Black and White Dreams
Have you ever noticed if you dream in color or in black and white? For people 65 and older, it is common to dream in black and white. The reason may surprise you – it’s TV exposure. A 2008 study showed that people who’d had childhood exposure to black and white TV were likely to dream in black and white, while people 25 and under (who had always watched TV in color) almost always dreamt in full color.

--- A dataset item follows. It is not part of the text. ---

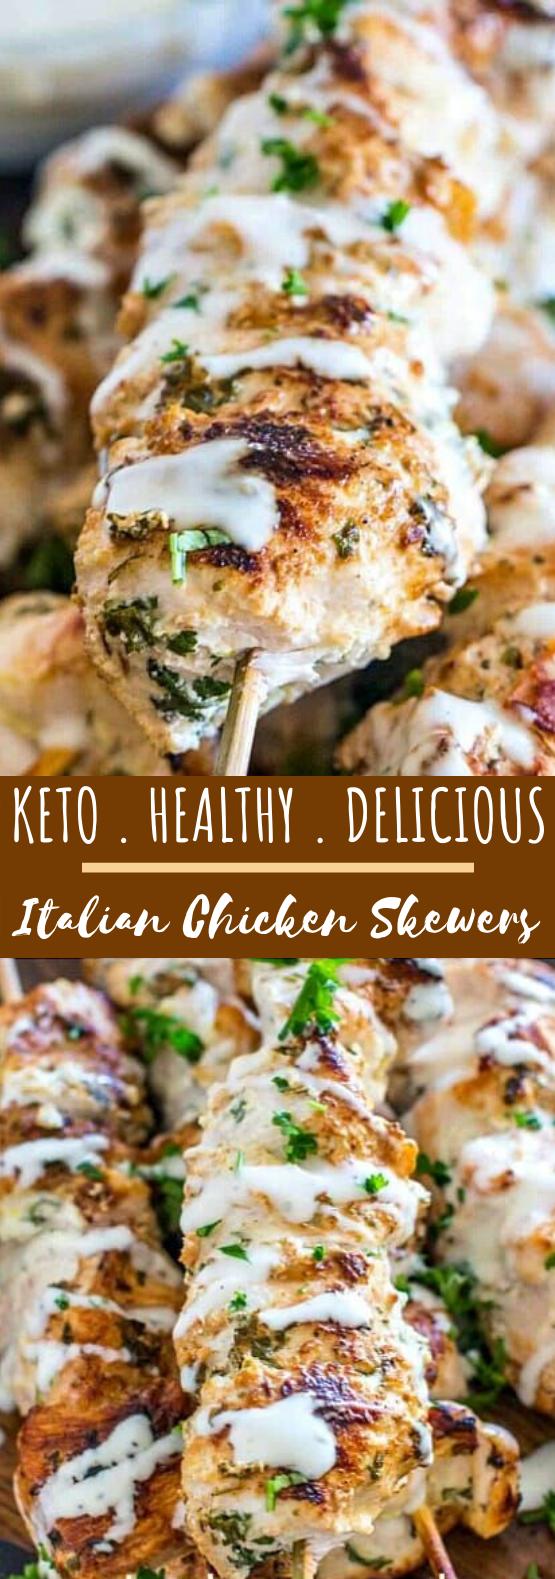 Keto Italian Chicken Skewers #keto #recipe #grilling #chicken #lowcarb

How Do Blind and Deaf People Dream?
Before her teacher first came to her, Helen Keller, in her autobiography, stated that her dreams were devoid of any kind of sound/sight/thought/etc. and only contained fear and strong abstract sensations. She states,
“My dreams have strangely changed during the past twelve years. Before and after my teacher first came to me, they were devoid of sound, of thought or emotion of any kind, except fear, and only came in the form of sensations. I would often dream that I ran into a still, dark room, and that, while I stood there, I felt something fall heavily without any noise, causing the floor to shake up and down violently; and each time I woke up with a jump. As I learned more and more about the objects around me, this strange dream ceased to haunt me; but I was in a high state of excitement and received impressions very easily. It is not strange then that I dreamed at the time of a wolf, which seemed to rush towards me and put his cruel teeth deep into my body! I could not speak (the fact was, I could only spell with my fingers), and I tried to scream; but no sound escaped from my lips. It is very likely that I had heard the story of Red Riding Hood and was deeply impressed by it. This dream, however, passed away in time, and I began to dream of objects outside myself.”